With the images removed, transcribe the listing that follows exactly.

++++ Collected material

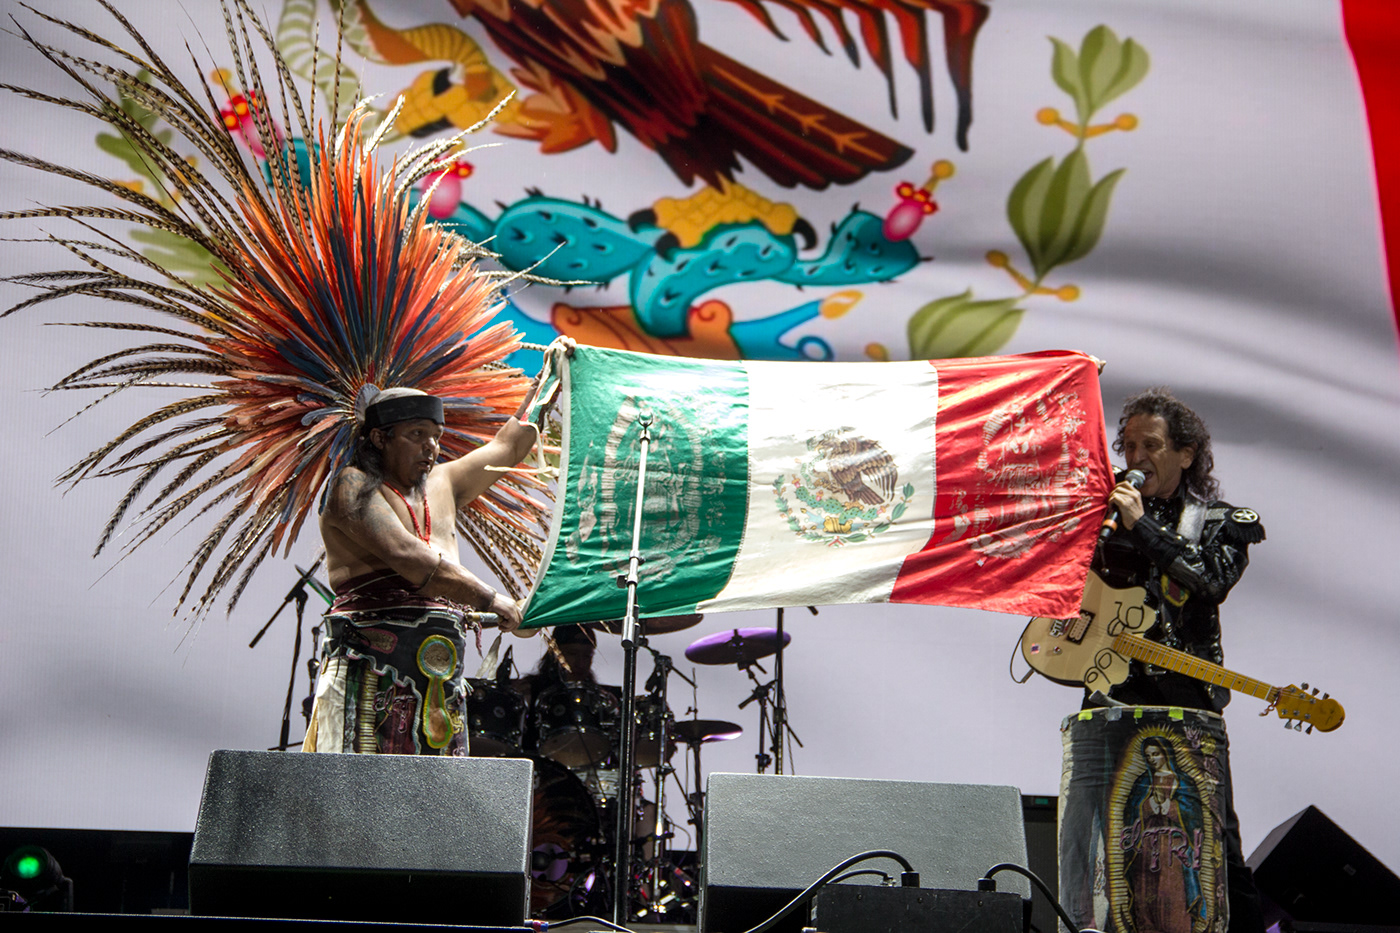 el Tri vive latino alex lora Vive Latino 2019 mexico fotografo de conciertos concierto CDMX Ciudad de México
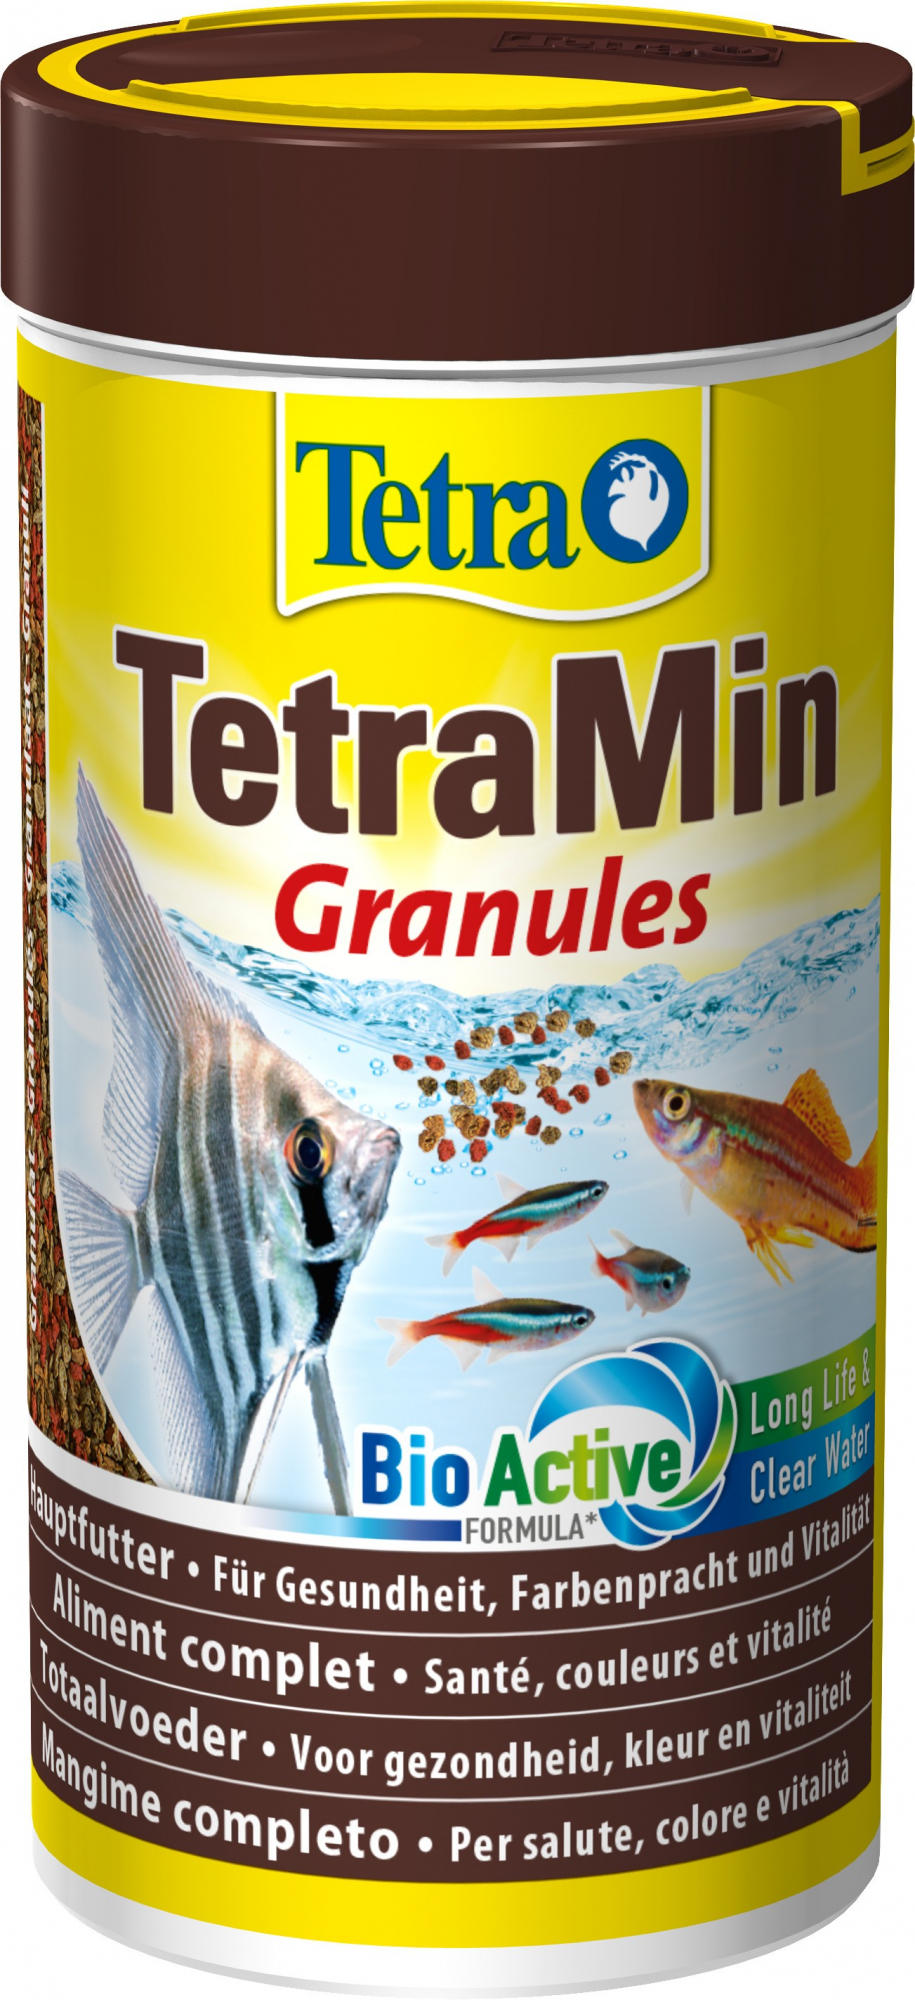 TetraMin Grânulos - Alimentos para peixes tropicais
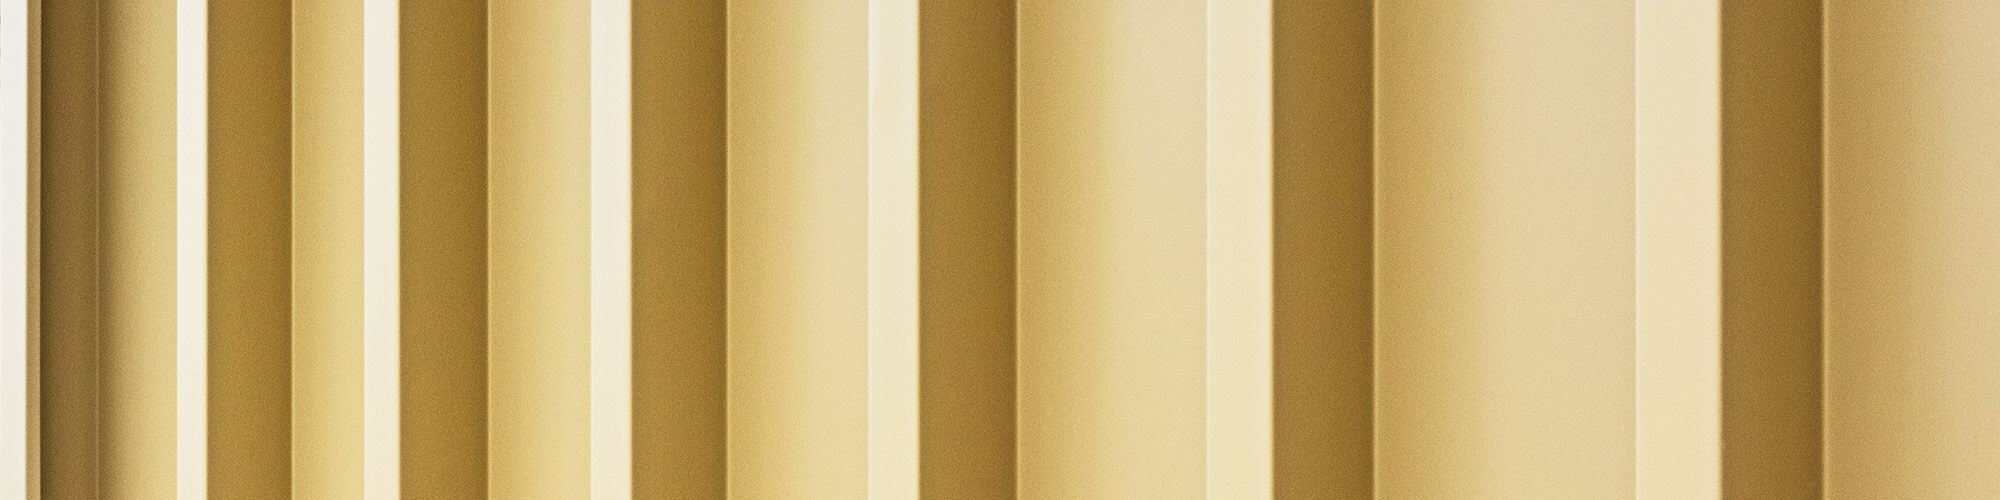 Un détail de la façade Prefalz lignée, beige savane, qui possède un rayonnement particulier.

++++++++

(Answer space):
 el Tri vive latino alex lora Vive Latino 2019 mexico fotografo de conciertos concierto CDMX Ciudad de México
 TetraMin Grânulos - Alimentos para peixes tropicais
 Un détail de la façade Prefalz lignée, beige savane, qui possède un rayonnement particulier.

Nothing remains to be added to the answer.